Filippo Vernizzi (IPhT)
Inflation is currently the most successful early-universe scenario. It succeeds in solving the shortcomings of the standard big-bang model through a period of accelerated expansion which makes the Universe very flat and homogeneous. But its most striking feature is that it can explain the origin of the primordial cosmological perturbations as the result of the amplification of quantum vacuum fluctuations during the accelerating phase. These primordial fluctuations have sourced the first inhomogeneities in the Universe and have left their trace in the cosmic microwave background radiation and in the large-scale structures that we observe today.

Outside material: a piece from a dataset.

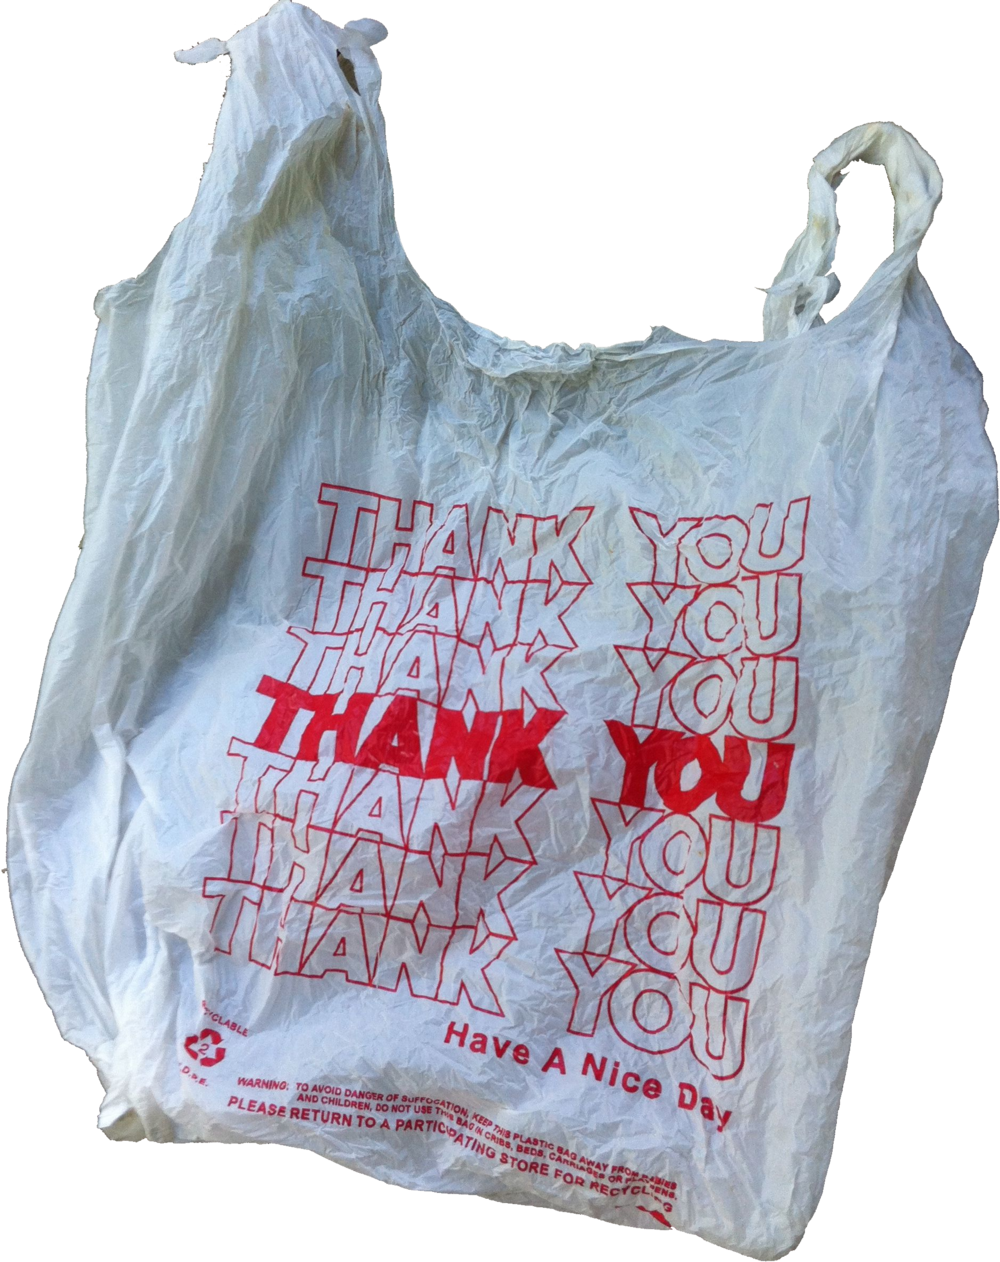 Thank You Plastic Bag Red Text PNG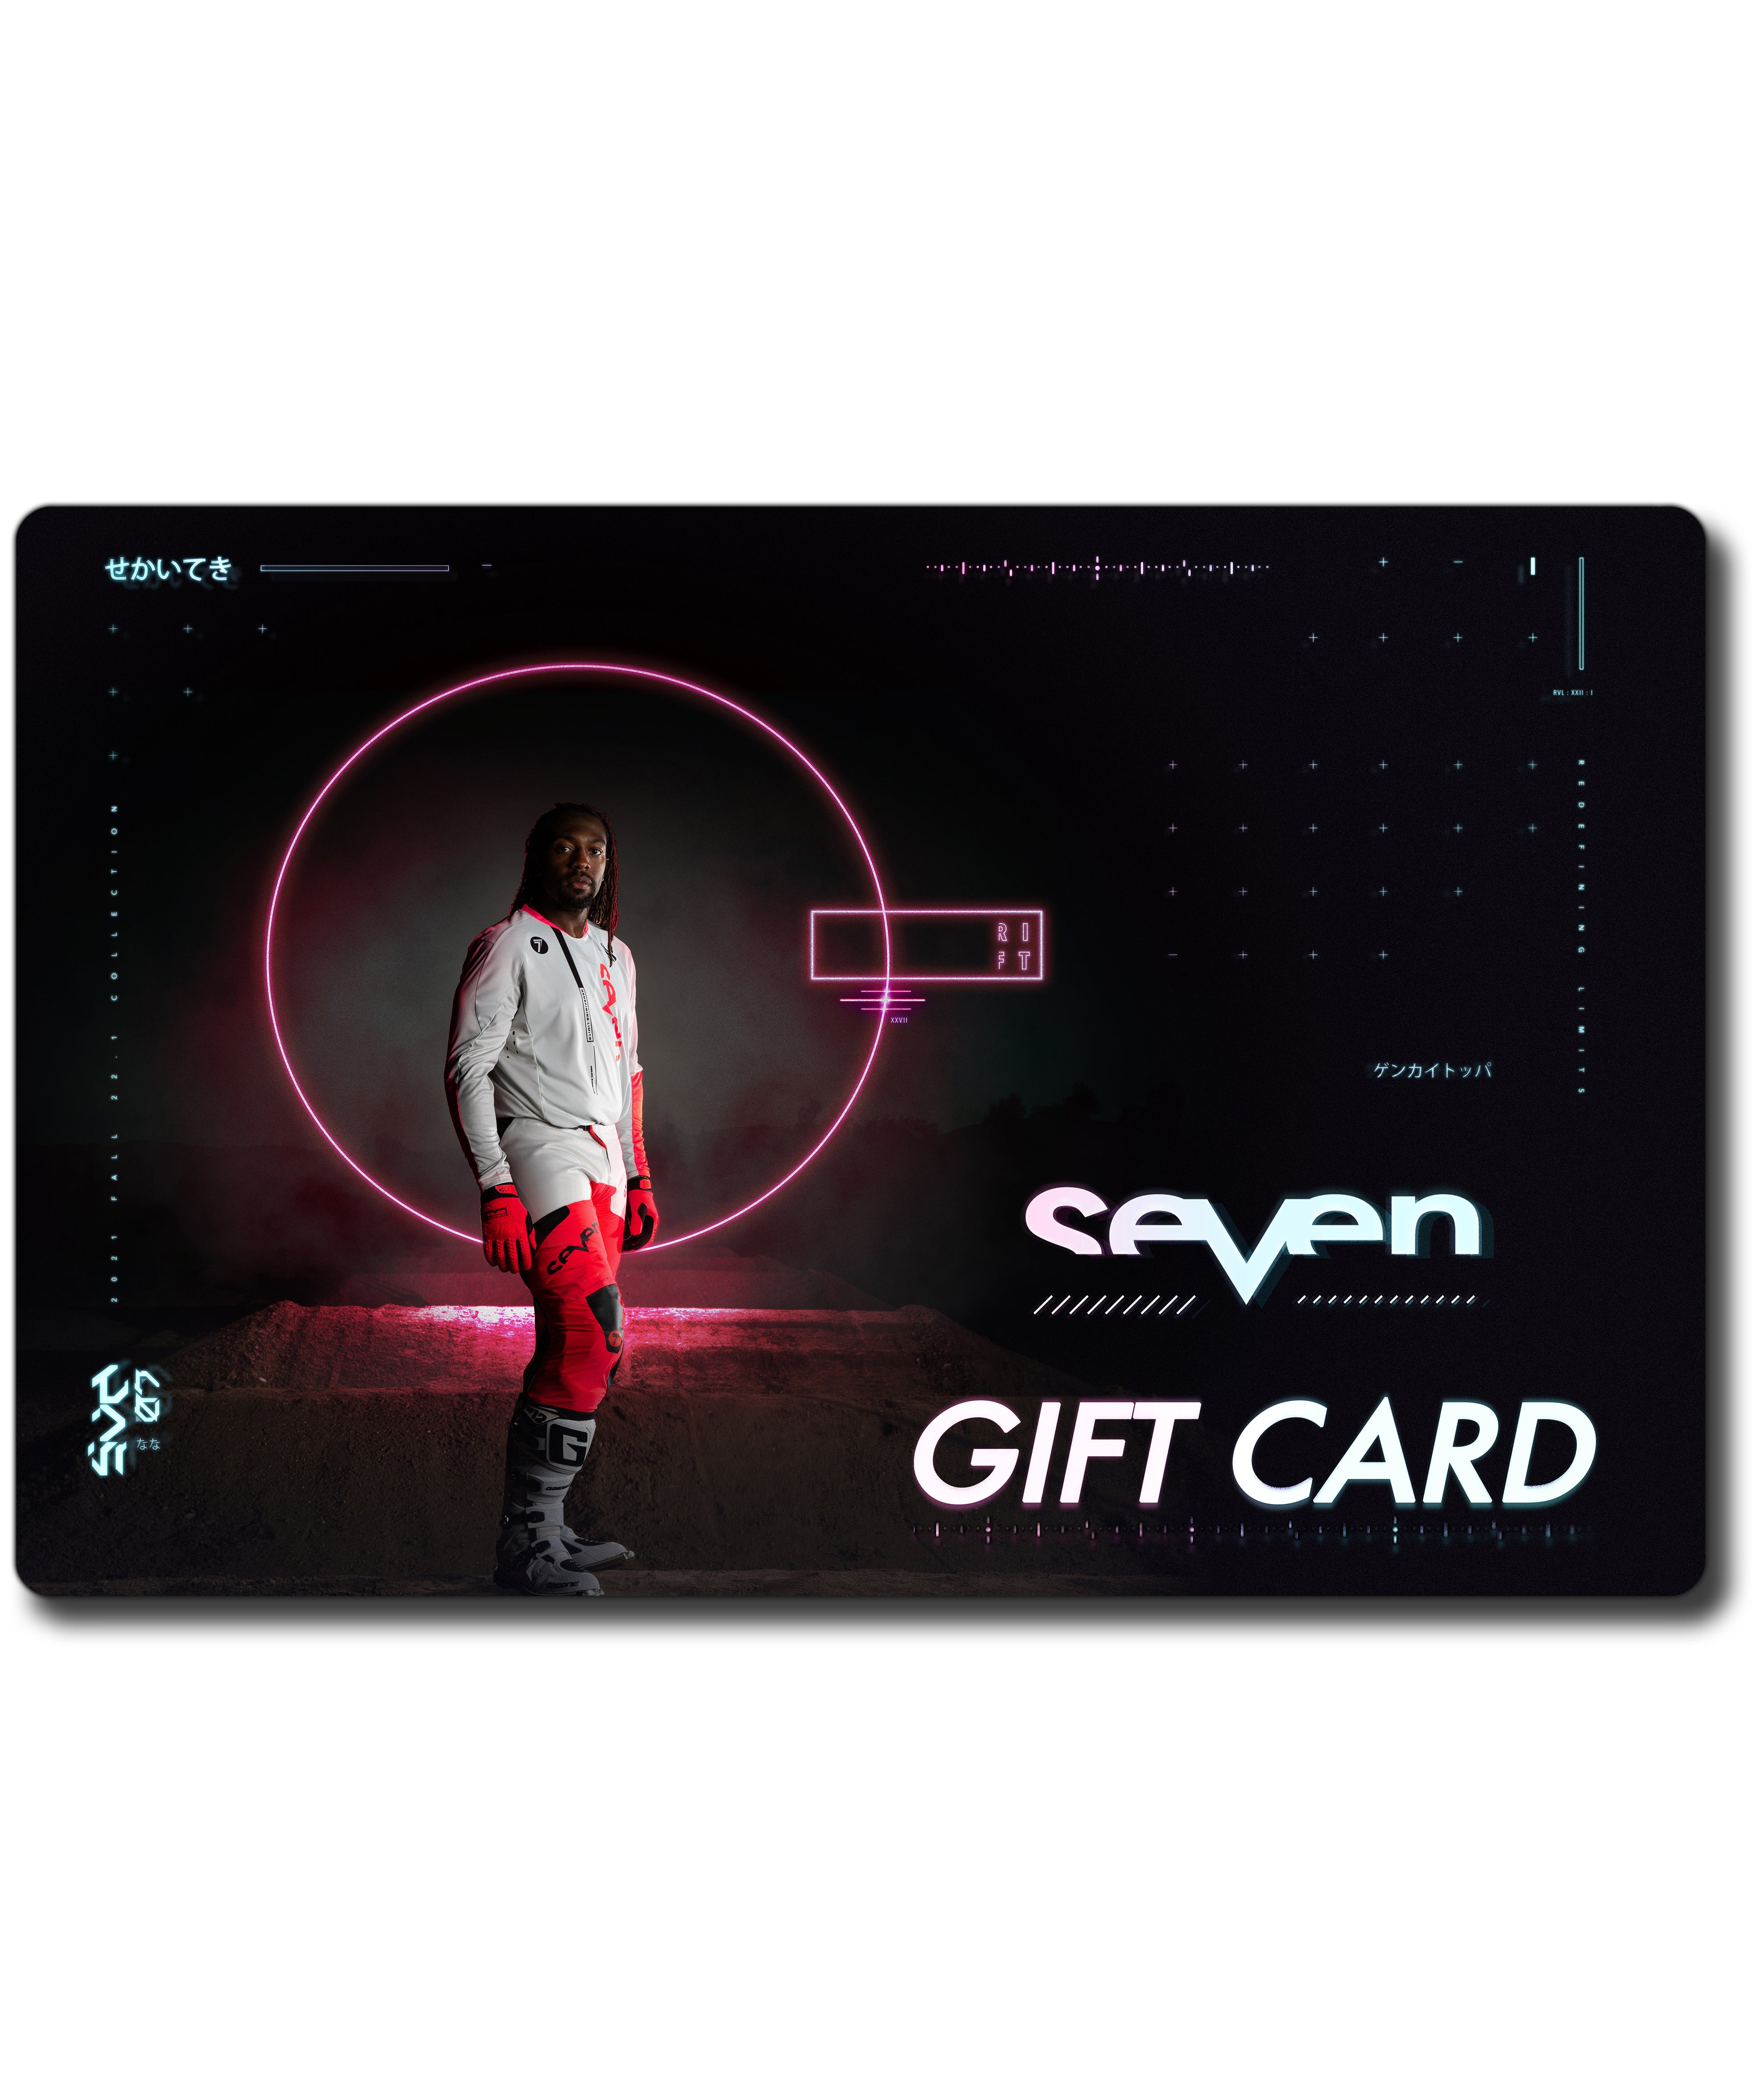 Seven Gift Card

Testing inflation and the origin of such primordial perturbations is one of the main goals of current and future cosmic surveys.
The aim of these lectures is to introduce the students to the inflationary scenario, its motivations, some of its concrete realizations, its predictions and problems. The course is introductory and addressed to an audience with a very minimal knowledge of quantum field theory and general relativity.
The plan of the lectures is the following:
- Basics of the hot big-bang cosmology.
- Cosmological problems and their solution.
- What causes inflation and how inflation ends.
- Amplification of quantum vacuum fluctuations during inflation.
- Cosmological perturbations and inflationary observables.
- Observing inflation with the CMB.
- Primordial non-Gaussianities.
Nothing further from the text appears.